Department of Population Medicine, University of Guelph, Guelph, Ontario, Canada.
J Dairy Sci. 2010 Nov;93(11):5225-33. doi: 10.3168/jds.2010-3428.
The objectives of this observational study were to determine and compare diagnostic criteria for postpartum endometritis in dairy cows. Data generated from 1,044 Holstein cows (6 herds) enrolled in a randomized clinical trial were used. Cows were examined for endometritis at 35±3 d (exam 1) and 56±3 d (exam 2) after parturition, using endometrial cytology (cytobrush technique), vaginal discharge scoring (Metricheck device; Simcrotech, Hamilton, New Zealand), and cervical diameter measurement (transrectal palpation). Reproductive data were recorded until 200 d after parturition. Diagnostic criteria for cytological and clinical endometritis were determined based on detrimental effect on subsequent reproductive performance, using logistic regression and Cox proportional hazard models accounting for the effect of herd clustering. Comparison of diagnostic criteria was performed using endometrial cytology as reference test or by quantifying the agreement between diagnostic approaches. At exam 1, diagnostic criteria were ≥6% polymorphonuclear cells and mucopurulent or worse (purulent or foul) vaginal discharge for cytological and clinical endometritis, respectively. At exam 2, diagnostic criteria were ≥4% polymorphonuclear cells and mucopurulent or worse vaginal discharge for cytological and clinical endometritis, respectively. Cows were classified as having cytological endometritis only, clinical endometritis only, or both cytological and clinical endometritis. Prevalence at exam 1 was 13.5, 9.4, and 5.8% for cytological endometritis only, clinical endometritis only, and both cytological and clinical endometritis, respectively. The detrimental effects of cytological and clinical endometritis on reproductive performance were additive. Among cows with clinical endometritis, only 38 and 36% had cytological endometritis at exam 1 and exam 2, respectively. Combination of diagnostic criteria improved neither the accuracy for predicting cytological endometritis nor the agreement between cytological and clinical endometritis. Overall, these results suggested that cytological and clinical endometritis may represent different manifestations of reproductive tract disease. They also suggested that use of the terminology clinical endometritis may not be accurate and that purulent vaginal discharge may be more descriptive.
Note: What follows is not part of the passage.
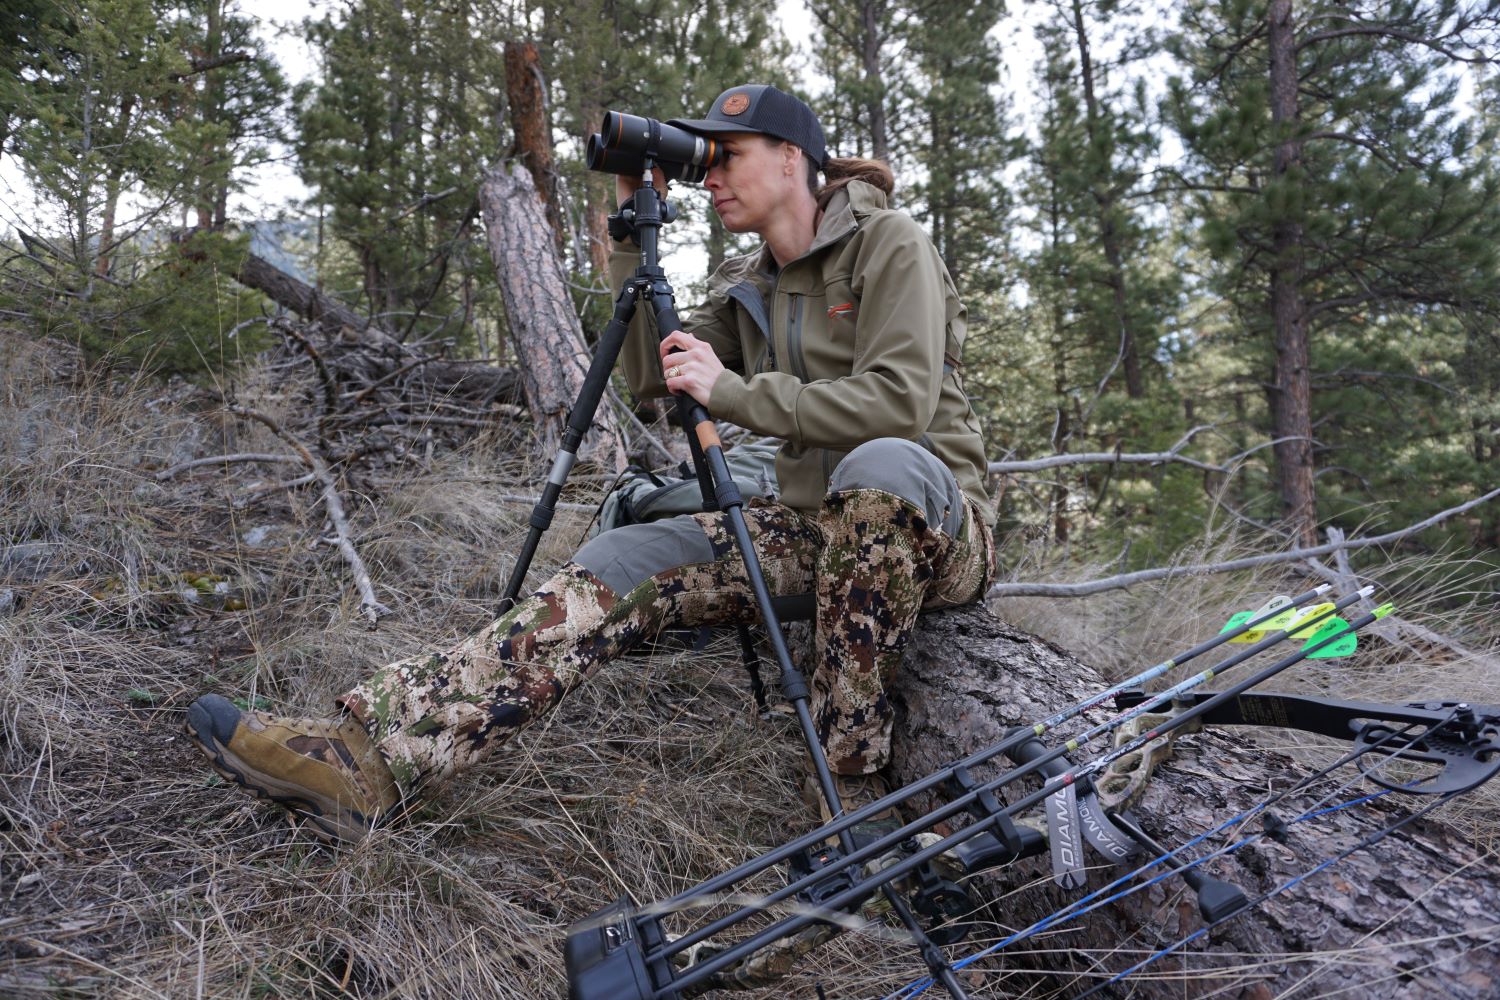 The author’s wife uses binoculars with Ascent tripod for archery hunt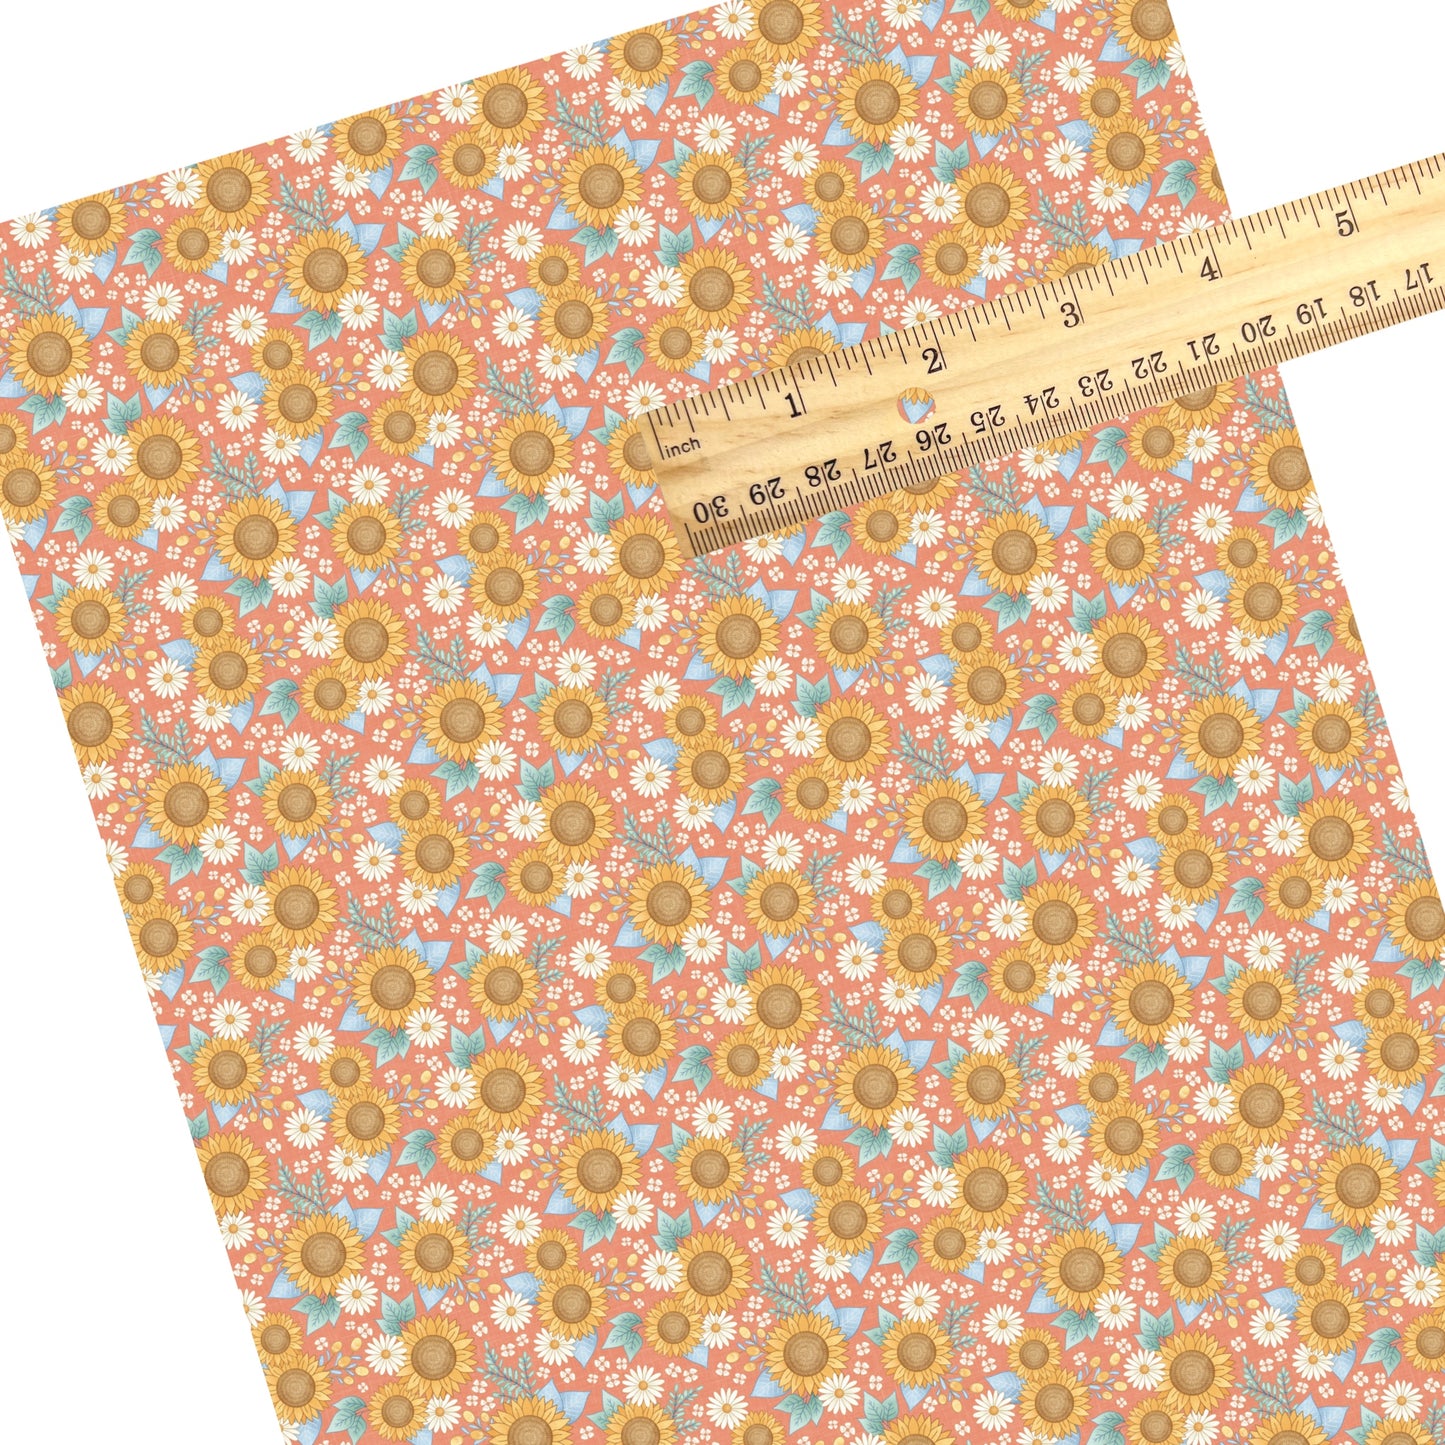 These summer faux leather sheets contain the following design elements: sunflowers on terracotta. Our CPSIA compliant faux leather sheets or rolls can be used for all types of crafting projects.

本观察性研究的目的是确定和比较奶牛产后子宫内膜炎的诊断标准。使用了来自参加随机临床试验的 1044 头荷斯坦奶牛(6 个牛群)的数据。产后 35±3 天(检查 1)和 56±3 天(检查 2),使用子宫内膜细胞学( cytobrush 技术)、阴道分泌物评分(Metricheck 设备;Simcrotech,汉密尔顿,新西兰)和宫颈直径测量(直肠触诊)检查子宫内膜炎。记录繁殖数据直至产后 200 天。基于对随后繁殖性能的不利影响,使用逻辑回归和 Cox 比例风险模型确定细胞学和临床子宫内膜炎的诊断标准,同时考虑到牛群聚类的影响。使用子宫内膜细胞学作为参考测试或通过量化诊断方法之间的一致性来比较诊断标准。在检查 1 时,细胞学和临床子宫内膜炎的诊断标准分别为≥6%的多形核细胞和脓性或更差(脓性或恶臭)的阴道分泌物。在检查 2 时,细胞学和临床子宫内膜炎的诊断标准分别为≥4%的多形核细胞和脓性或更差的阴道分泌物。牛被分为仅细胞学子宫内膜炎、仅临床子宫内膜炎或细胞学和临床子宫内膜炎均有。检查 1 时,仅细胞学子宫内膜炎、仅临床子宫内膜炎和细胞学和临床子宫内膜炎的患病率分别为 13.5%、9.4%和 5.8%。细胞学和临床子宫内膜炎对繁殖性能的不利影响是累加的。在有临床子宫内膜炎的牛中,只有 38%和 36%在检查 1 和检查 2 时患有细胞学子宫内膜炎。组合诊断标准既不能提高预测细胞学子宫内膜炎的准确性,也不能提高细胞学和临床子宫内膜炎之间的一致性。总体而言,这些结果表明,细胞学和临床子宫内膜炎可能代表生殖道疾病的不同表现。它们还表明,使用临床子宫内膜炎的术语可能不准确,脓性阴道分泌物可能更具描述性。